* Entries provided
================

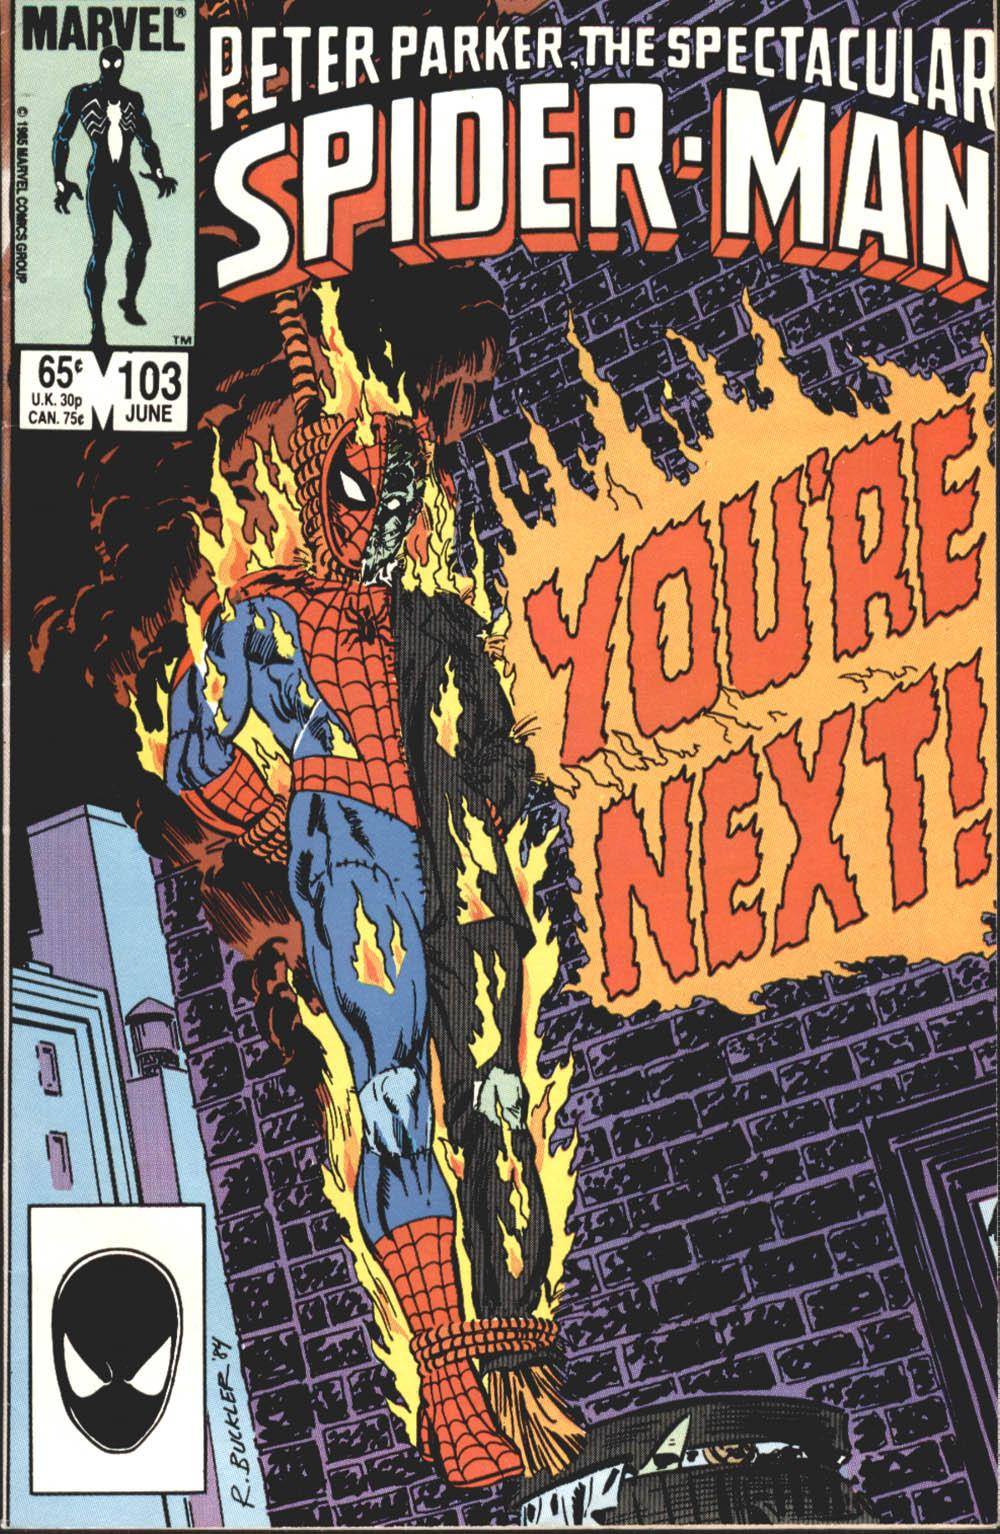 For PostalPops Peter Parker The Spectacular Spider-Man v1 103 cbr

================

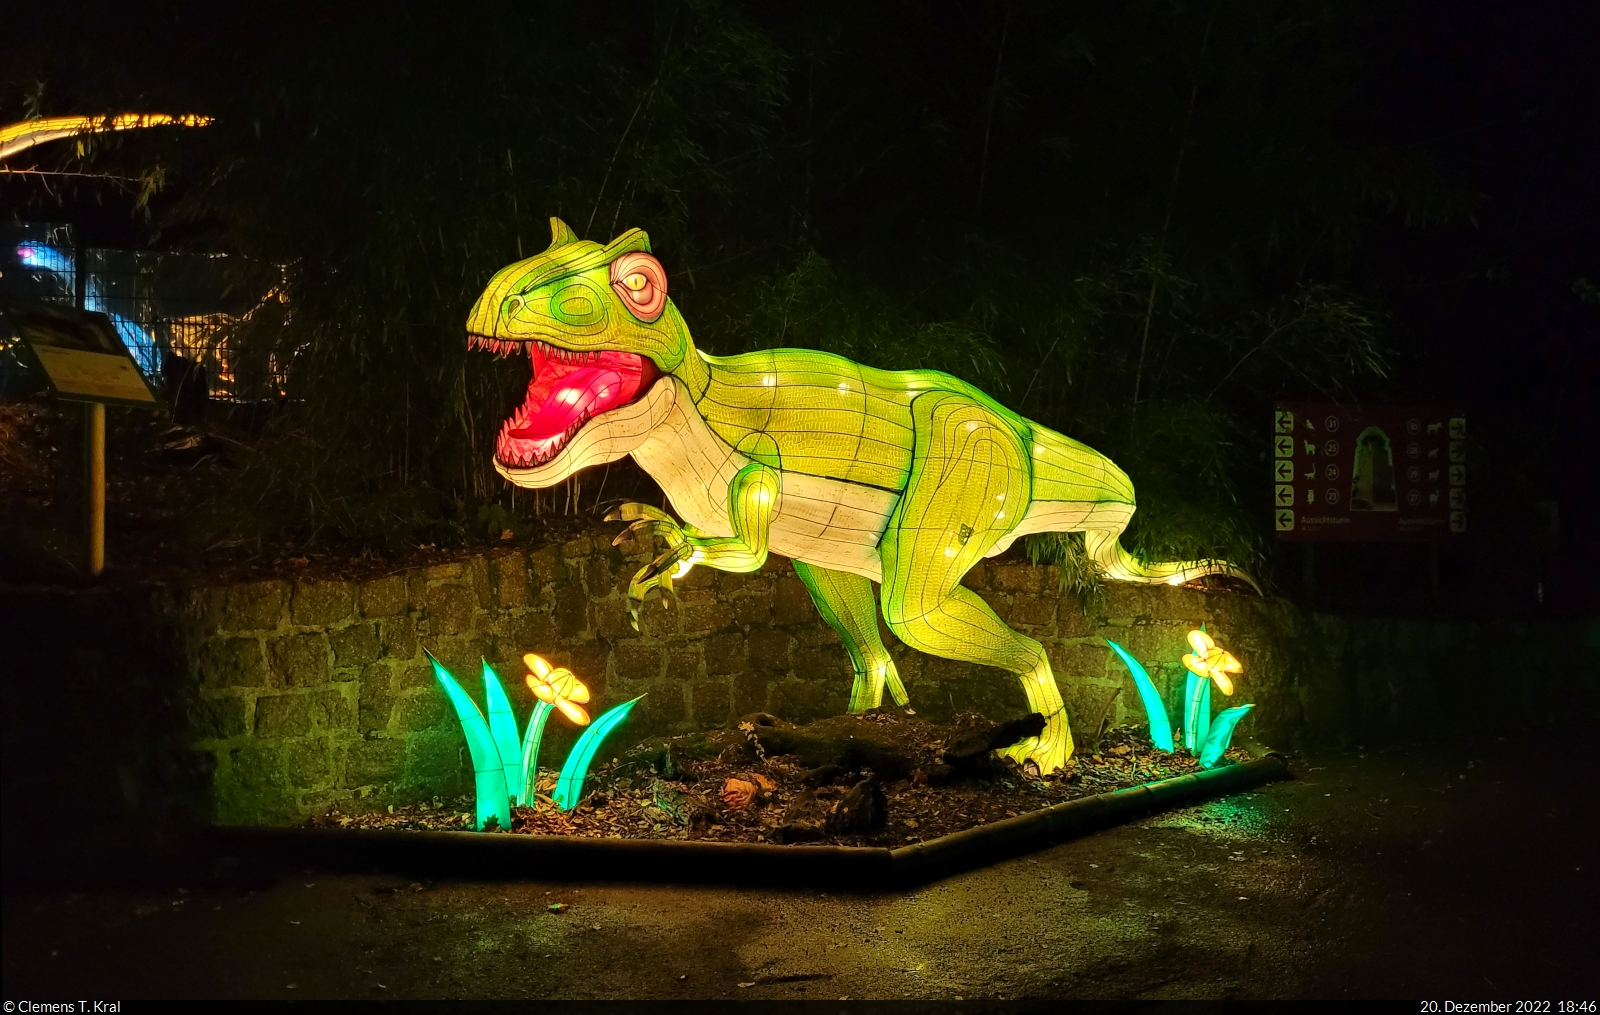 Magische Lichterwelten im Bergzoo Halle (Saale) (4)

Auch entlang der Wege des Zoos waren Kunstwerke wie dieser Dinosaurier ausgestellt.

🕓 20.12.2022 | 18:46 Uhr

================

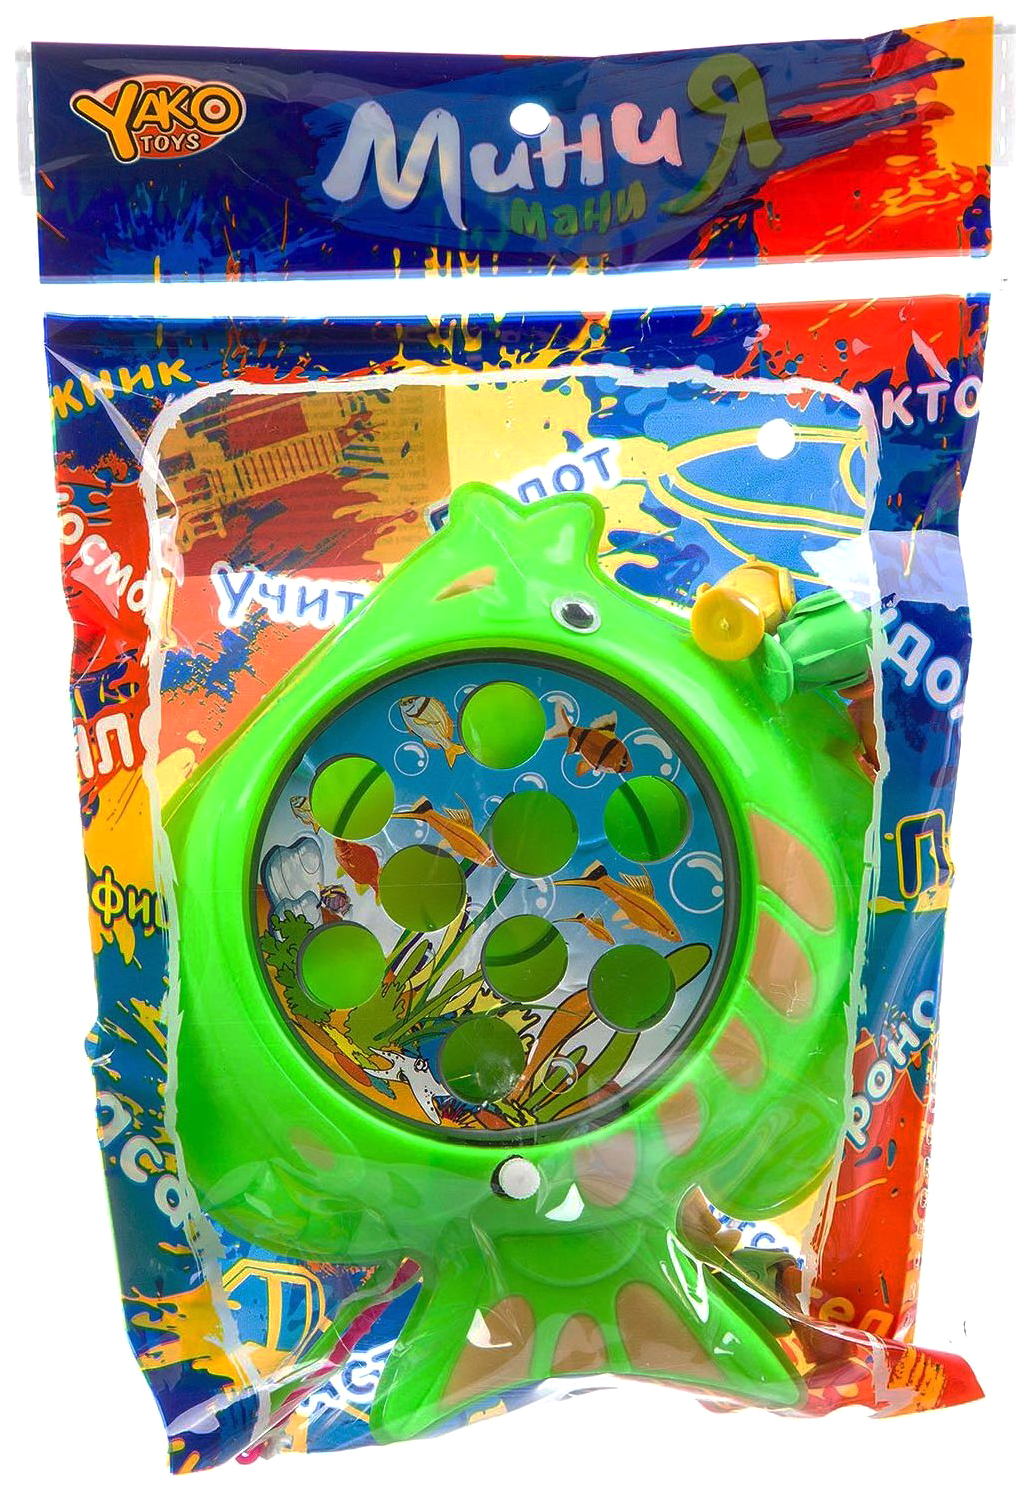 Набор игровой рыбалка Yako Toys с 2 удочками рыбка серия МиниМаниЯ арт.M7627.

================

Please write out, exactly as they appear above, only the lines in the stretch from the line with "Auch entlang der" through the line with "20.12.2022 | 18:46 Uhr".

* Answer box
Auch entlang der Wege des Zoos waren Kunstwerke wie dieser Dinosaurier ausgestellt.

🕓 20.12.2022 | 18:46 Uhr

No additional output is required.